Le système du complément est lui aussi activé et module alors les fonctions phagocytaires. L’activation du système du complément induit l’opsonisation de la surface du pathogène avec les molécules du complément qui permettent une meilleure reconnaissance par les cellules phagocytaires ainsi que la production des anaphylatoxines qui ont des activités chimio-attractantes, pro- inflammatoires, antifongiques et antimicrobiennes. La présence d’Aspergillus entraîne l’activation des voies classique, alternative et lectinique via la MBL, une lectine de liaison aux mannanes. En incubation avec du sérum humain, les conidies d’A. fumigatus sont opsonisées avec C3b ce qui améliore la phagocytose par les macrophages. L’importance des protéines du complément a été démontrée grâce à des souris déficientes en C5. Un sérum normal a été injecté chez ces souris infectées par A. fumigatus ce qui a eu pour conséquence de restaurer la localisation des neutrophiles et d’augmenter le taux de survie de ces souris. Pour échapper à l’activation du complément, les conidies se lient aux régulateurs du complément tels que le facteur H, FHL-1, CFHR-1, C4BP ou le plasminogène ce qui leur confèrent une protection comme pour les cellules de l’hôte. Quant aux hyphes, ils ont une interaction moindre avec ces régulateurs mais sécrètent en contrepartie des protéases dont Alp1 qui dégrade les protéines du complément. (Brakhage A.A. et al., 2010 ; Levitz S.M., 2010 ; Hohl T. et al., 2006)

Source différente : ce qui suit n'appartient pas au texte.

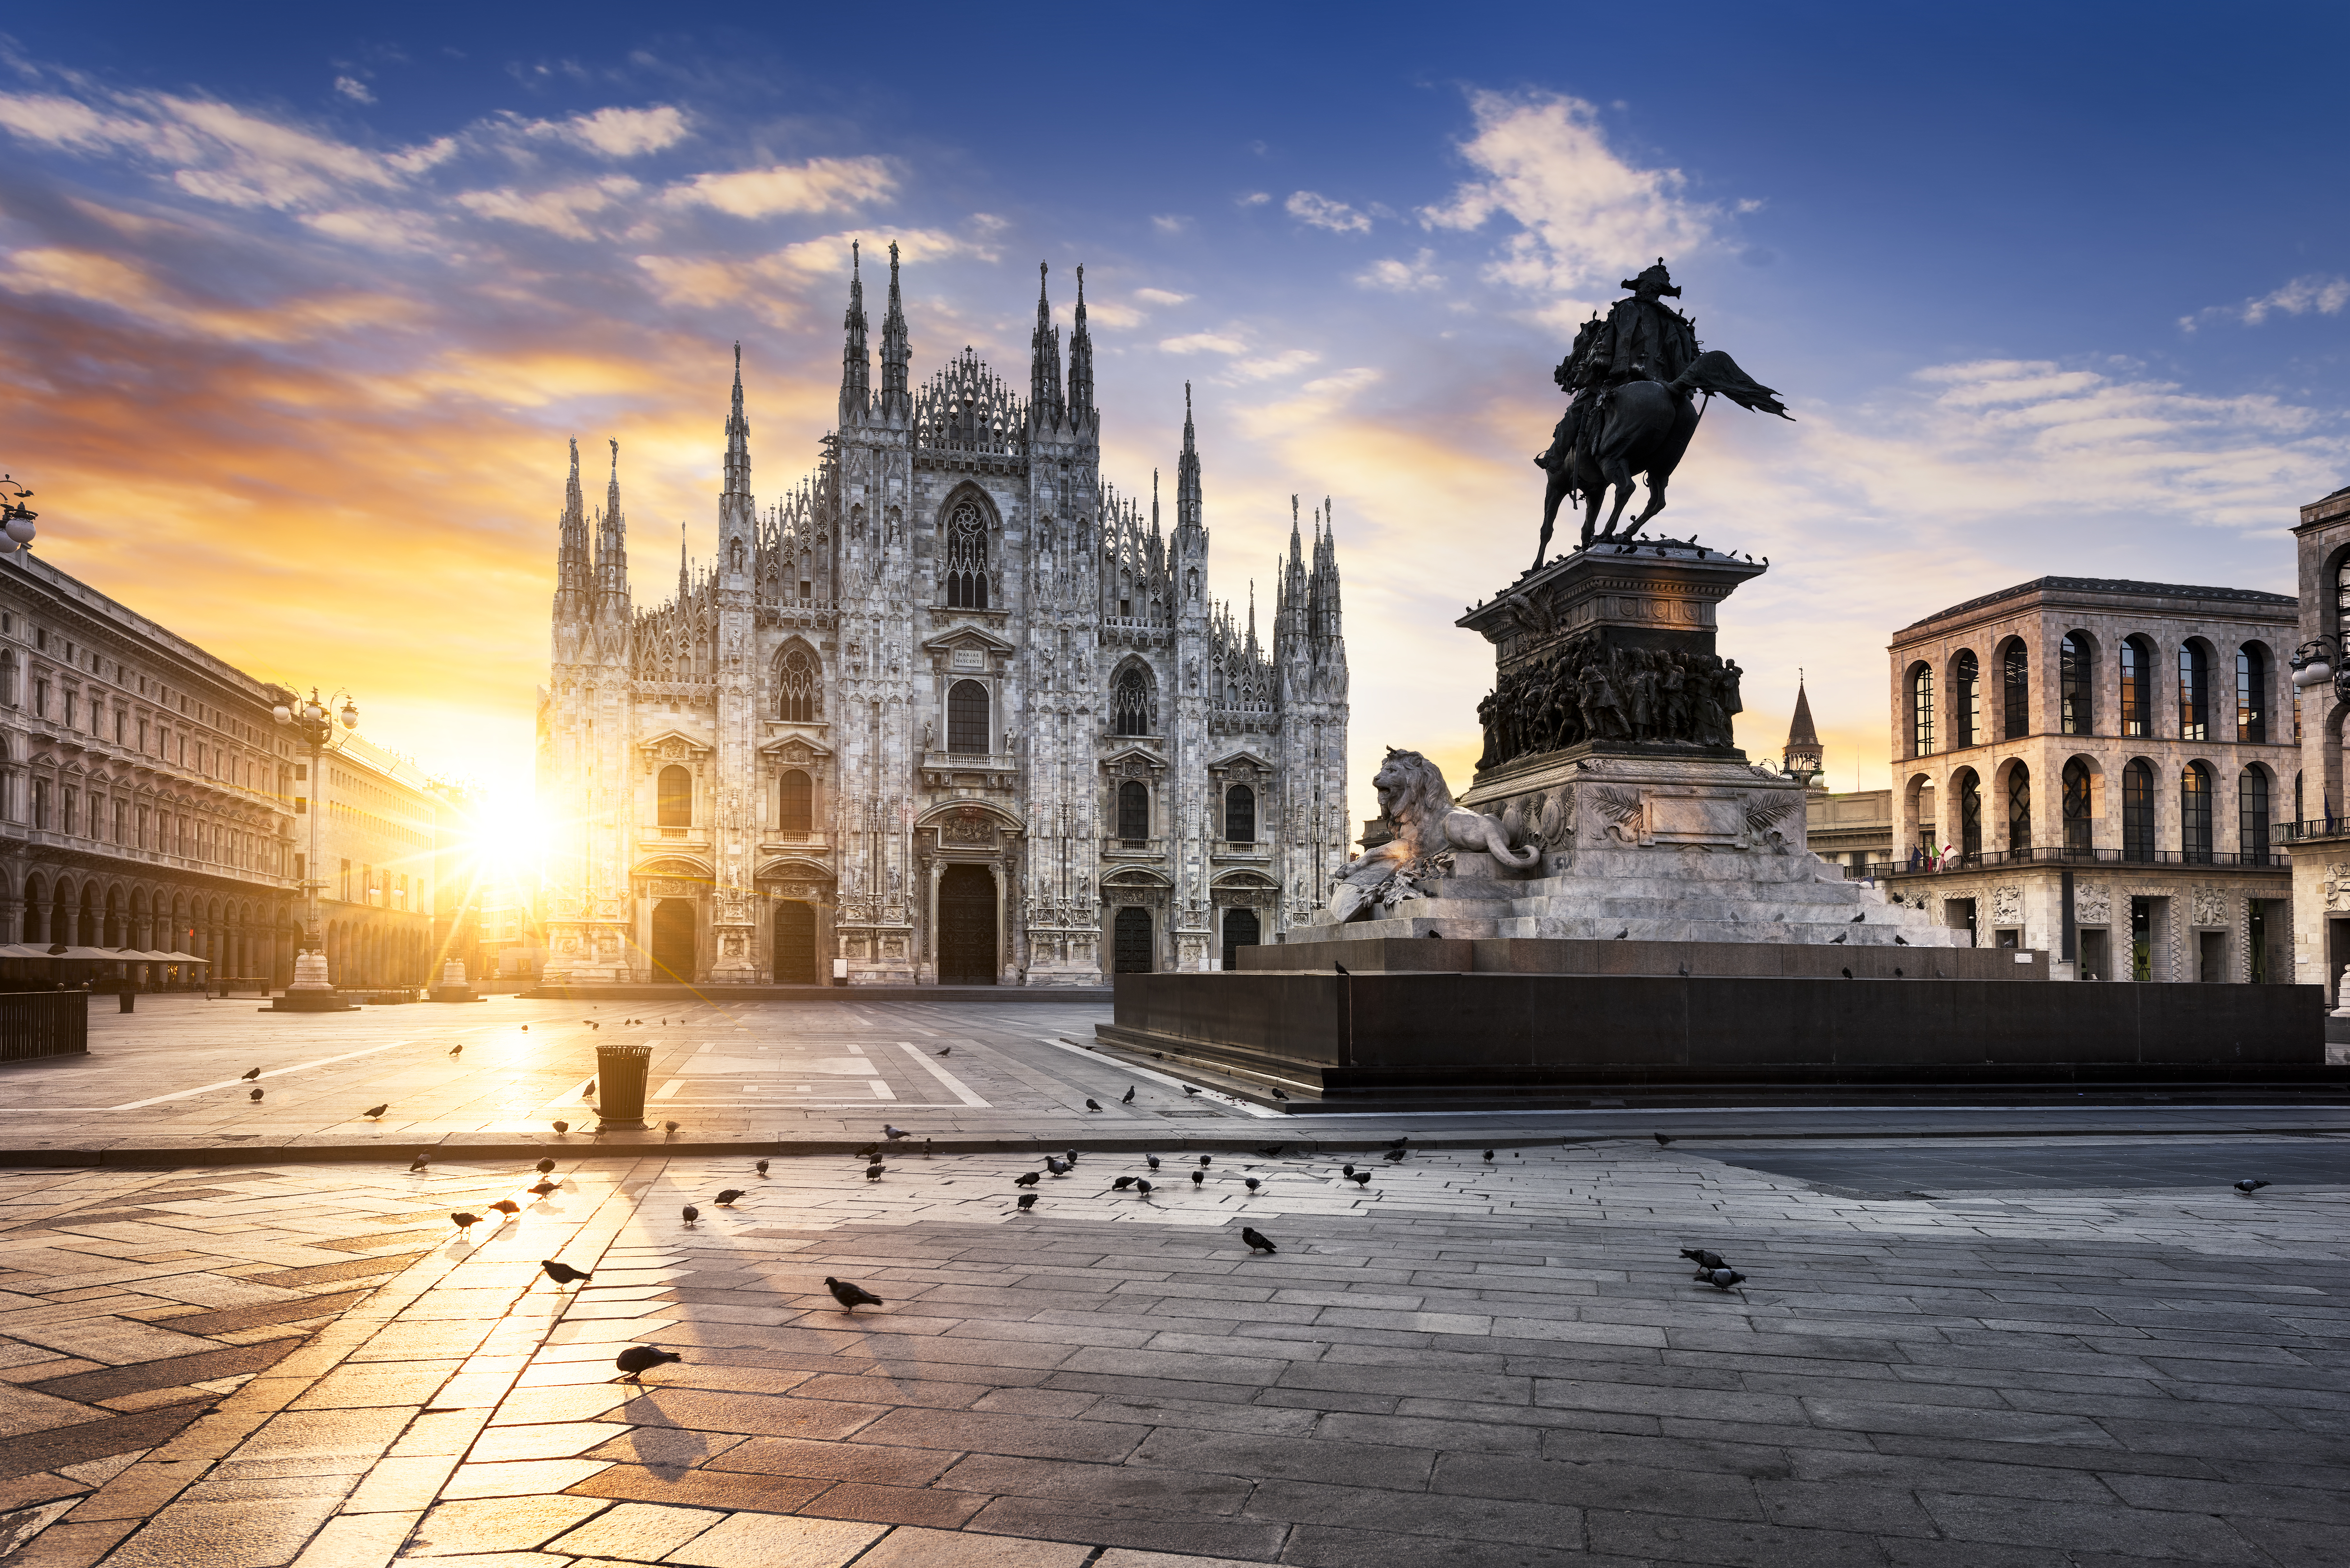 A major tourist destination, Milan is home to an important cultural heritage, including Renaissance palaces, the La Scala opera house and numerous museums. However, to run in Milan is also to run in the industrial, financial and commercial heart of Italy.

Figure 16: Rôle du système immunitaire inné dans l'infection par Aspergillus fumigatus. (d'après Abad A. et

IV. Traitements des aspergilloses

Il existe plusieurs familles de molécules pour le traitement des aspergilloses : les polyènes, les azoles et les échinocandines.

Parmi les polyènes, il y a l’amphotéricine B dont le mode d’action consiste à se fixer à l’ergostérol des membranes fongiques ce qui les déstabilise en créant des canaux. Cela modifie ainsi l’équilibre des flux ioniques à travers les membranes donc leur dépolarisation entraînant la mort cellulaire. On observe des effets secondaires toxiques puisque l’amphotéricine B peut se fixer au cholestérol des membranes des cellules de mammifères.

Les azoles inhibent la 14α-lanostérol déméthylase, enzyme-clé impliquée dans la conversion du lanostérol en ergostérol, composant caractéristique et essentiel de la membrane fongique en entrant en compétition avec le fer au niveau du cytochrome P450. Le voriconazole, le posaconazole et l’itraconazole sont les principales molécules utilisées dans cette famille. Le posaconazole exhibe une activité in vitro supérieure à celle du voriconazole et de l’amphotéricine B. De plus, il inhibe des isolats d’Aspergillus spp. résistants à l’amphotéricine B et au voriconazole.

Les échinocandines sont des inhibiteurs non-compétitifs de la β1,3-glucane synthase, enzyme essentielle dans la synthèse de la paroi des levures et des champignons filamenteux. La caspofongine est le premier membre de cette classe autorisé pour le traitement des aspergilloses invasives. Les effets secondaires sont limités puisque ce type d’inhibiteurs agit sur une enzyme absente des cellules de mammifères. La micafongine et l’anidulafongine sont deux autres types d’échinocandines.